Abmahnwellen: kleine Fische und große Haie

Datenlage der Bundesregierung zum „Abmahnmissbrauch“ – von Rechtsanwalt Daniel Sebastian, Berlin, zugleich Geschäftsführer der IPPC LAW Rechtsanwaltsgesellschaft mbH

Politisch viel diskutiert, heiß besprochen an Stammtischen sind immer wieder Fragen rund um einen vermeintlichen Abmahnmissbrauch. Politisch beliebt sind daher Initiativen, Erklärungen und Projekte den Missbrauch zu stoppen. So hatte die Bundesregierung am 15. Mai 2019 den Regierungsentwurf des Gesetzes zur Stärkung des fairen Wettbewerbs veröffentlicht. Durch diesen Gesetzentwurf versucht die Bundesregierung, den Abmahnmissbrauch einzudämmen. Innerhalb der Änderungen des Gesetzes gegen den unlauteren Wettbewerb (UWG) plant die Bundesregierung, den Anspruch auf Ersatz der erforderlichen Aufwendungen für Abmahnungen wegen Verstößen gegen Informations- und Kennzeichnungspflichten auf Telemedien für Wettbewerber auszuschließen. Der Anspruch der qualifizierten Wirtschaftsvereine, der qualifizierten Einrichtungen sowie der Industrie- und Handelskammern und der Handwerkskammern auf die Erstattung der Kosten für eine berechtigte Abmahnung sollen davon unberührt bleiben. Die Bundesregierung rechtfertigt dies mit der Annahme, „dass der Großteil der Abmahnungen von Wettbewerbern wegen Verstößen im Online-Handel ausgesprochen wird, weil in diesem Bereich Verstöße durch den Einsatz von Crawlern einfach und automatisiert festgestellt werden können und zahlreiche besondere Informationsverpflichtungen bestehen“. Es handelt sich bei der Diskussion also nicht um Urheberrecht, sondern ein Spezialproblem des Onlinehandels.
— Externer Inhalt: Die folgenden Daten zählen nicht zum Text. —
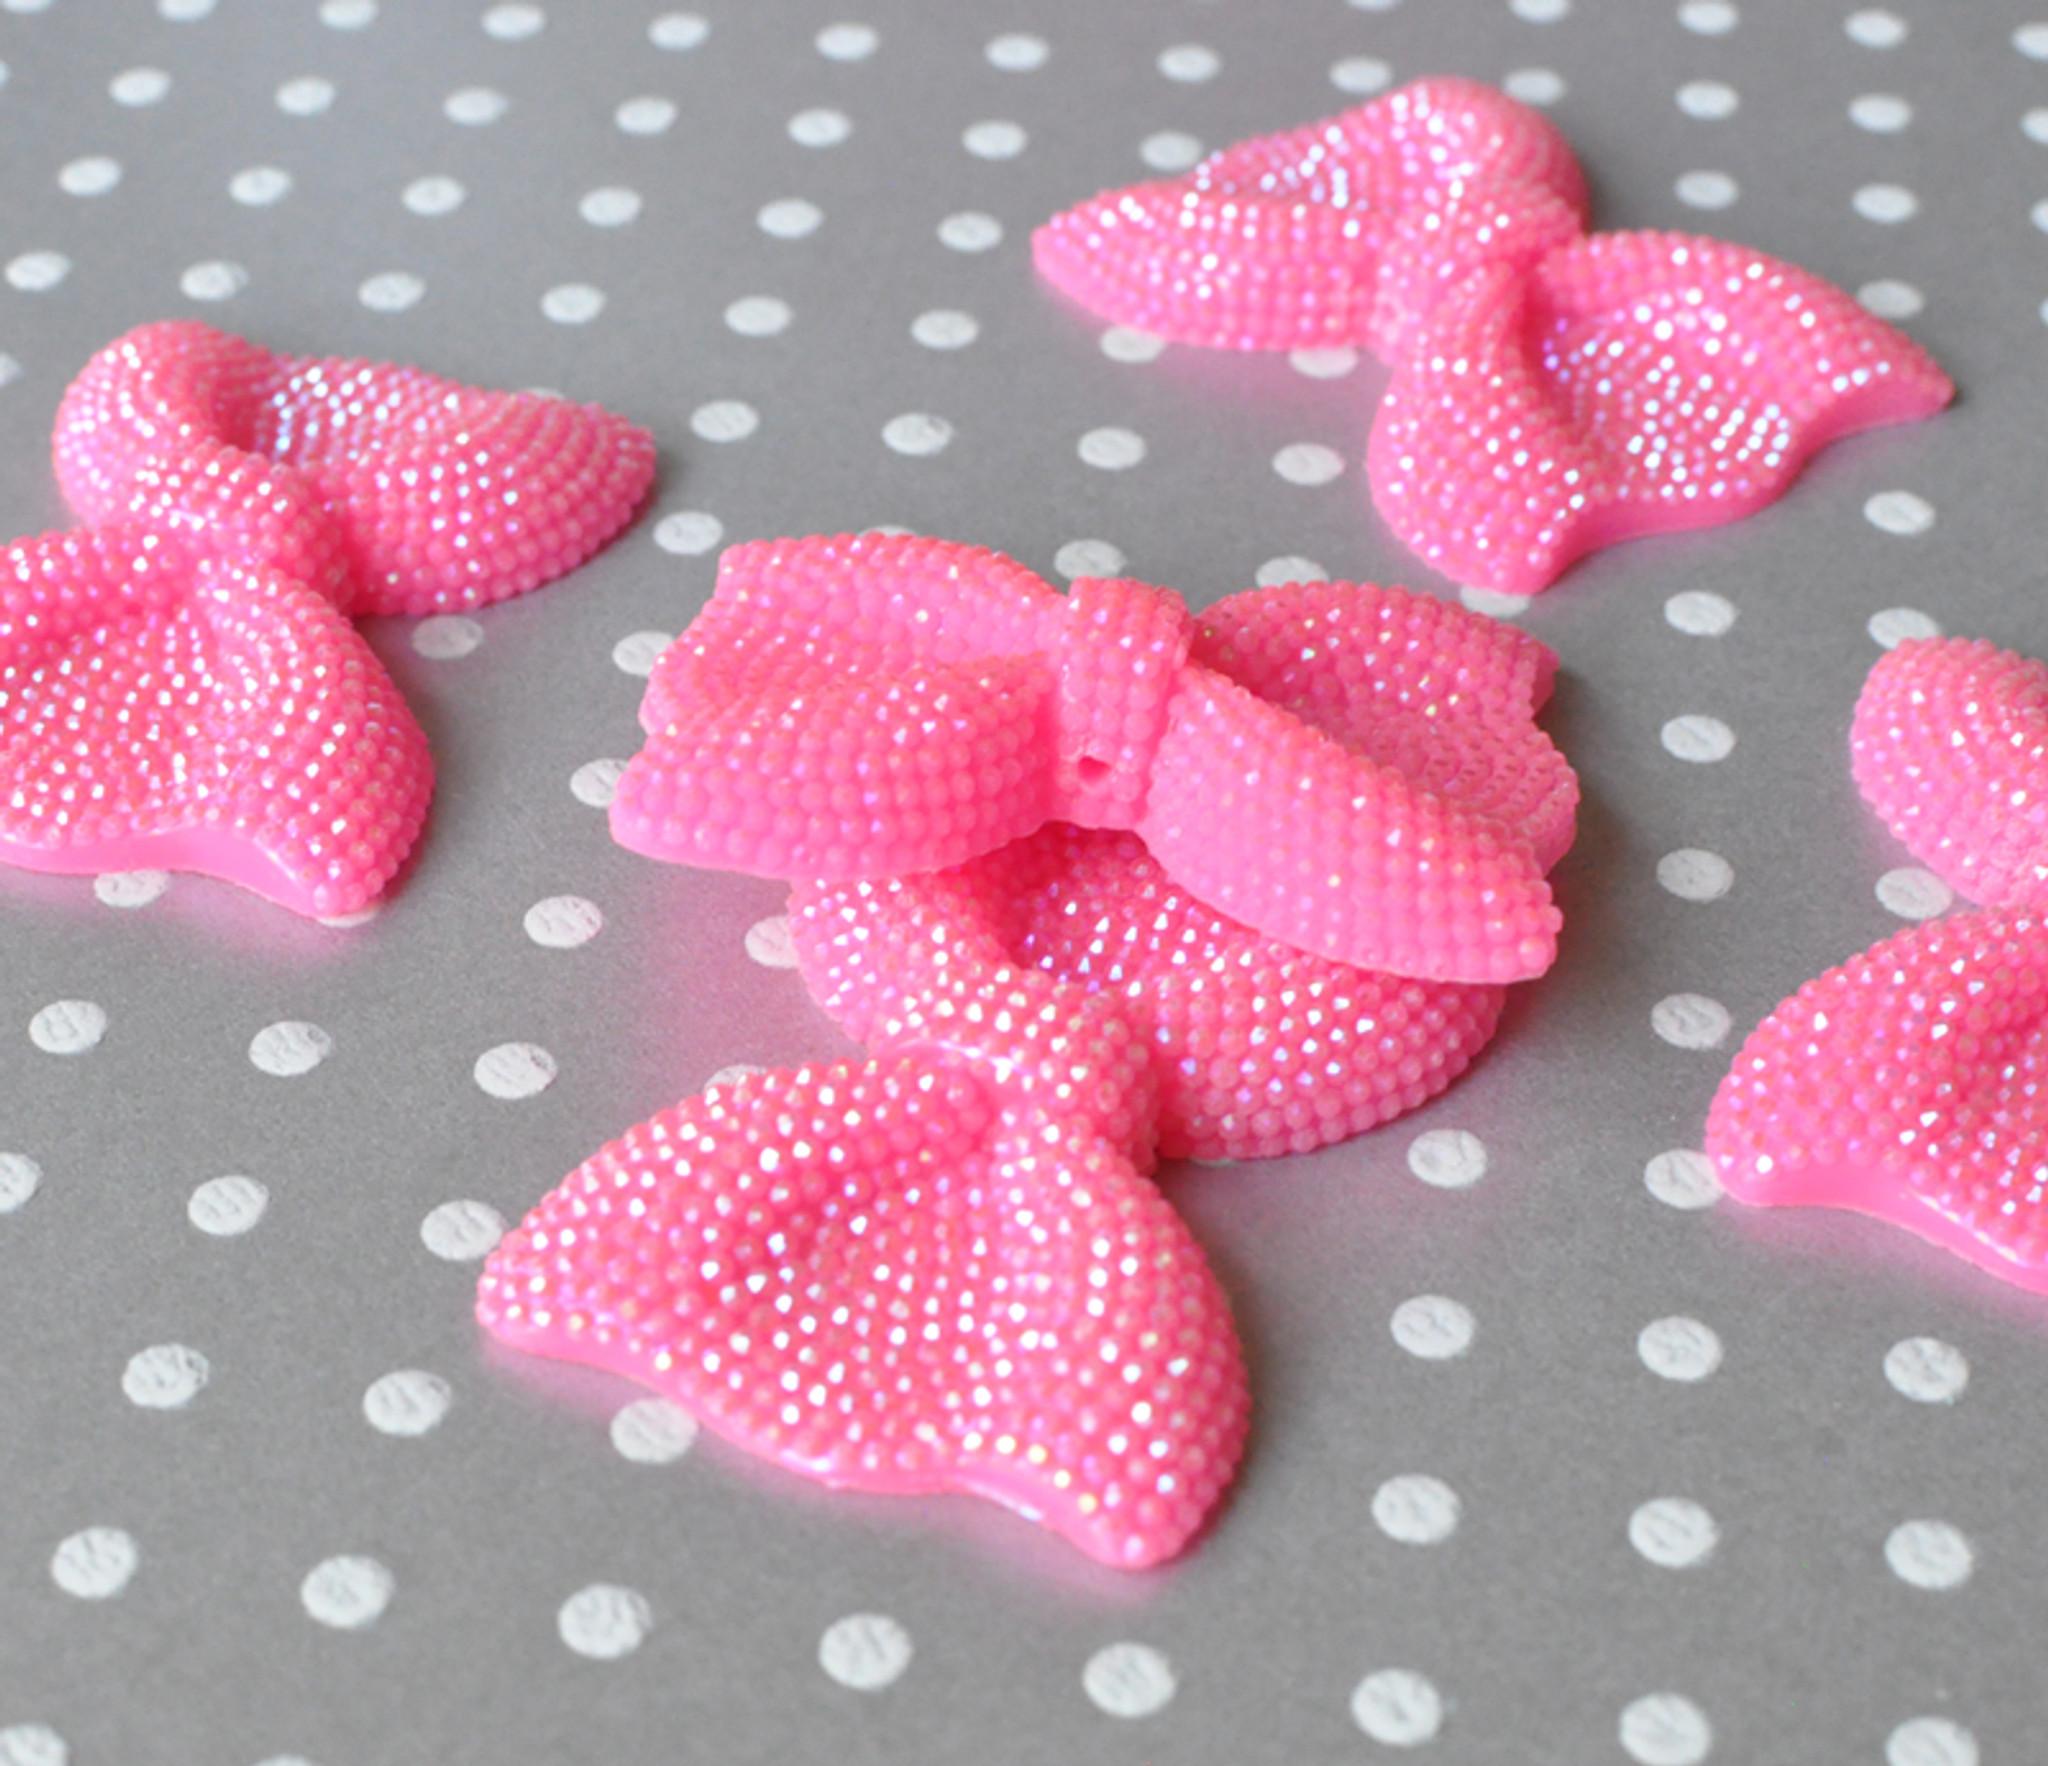 52mm Pink rhinestone large resin bow beads

Vorbemerkung der Bundesregierung in einer Erklärung zu dem Gesetzesvorhaben – Bekenntnis zu Abmahnungen im Grundsätzlichen

Grundsätzlich bekennt sich die Regierung, dass das dem Grundsatz nach sinnvollem und bewährtem Instrument der Abmahnung erhalten bleiben soll. Abmahnungen sind Rechtsinstrumente der Selbstregelung der Parteien, weil Rechtsfrieden außerhalb von Gerichtssälen gefunden werden soll. Ärgerlich sind die damit verbundenen Kosten, weil die Rechtsordnung grundsätzlich entschieden hat, dass der Verursacher auch die Kosten des Verfahrens tragen muss. Dieses Verursacherprinzip wird immer dann in Frage gestellt, wenn es um Abmahnungen geht.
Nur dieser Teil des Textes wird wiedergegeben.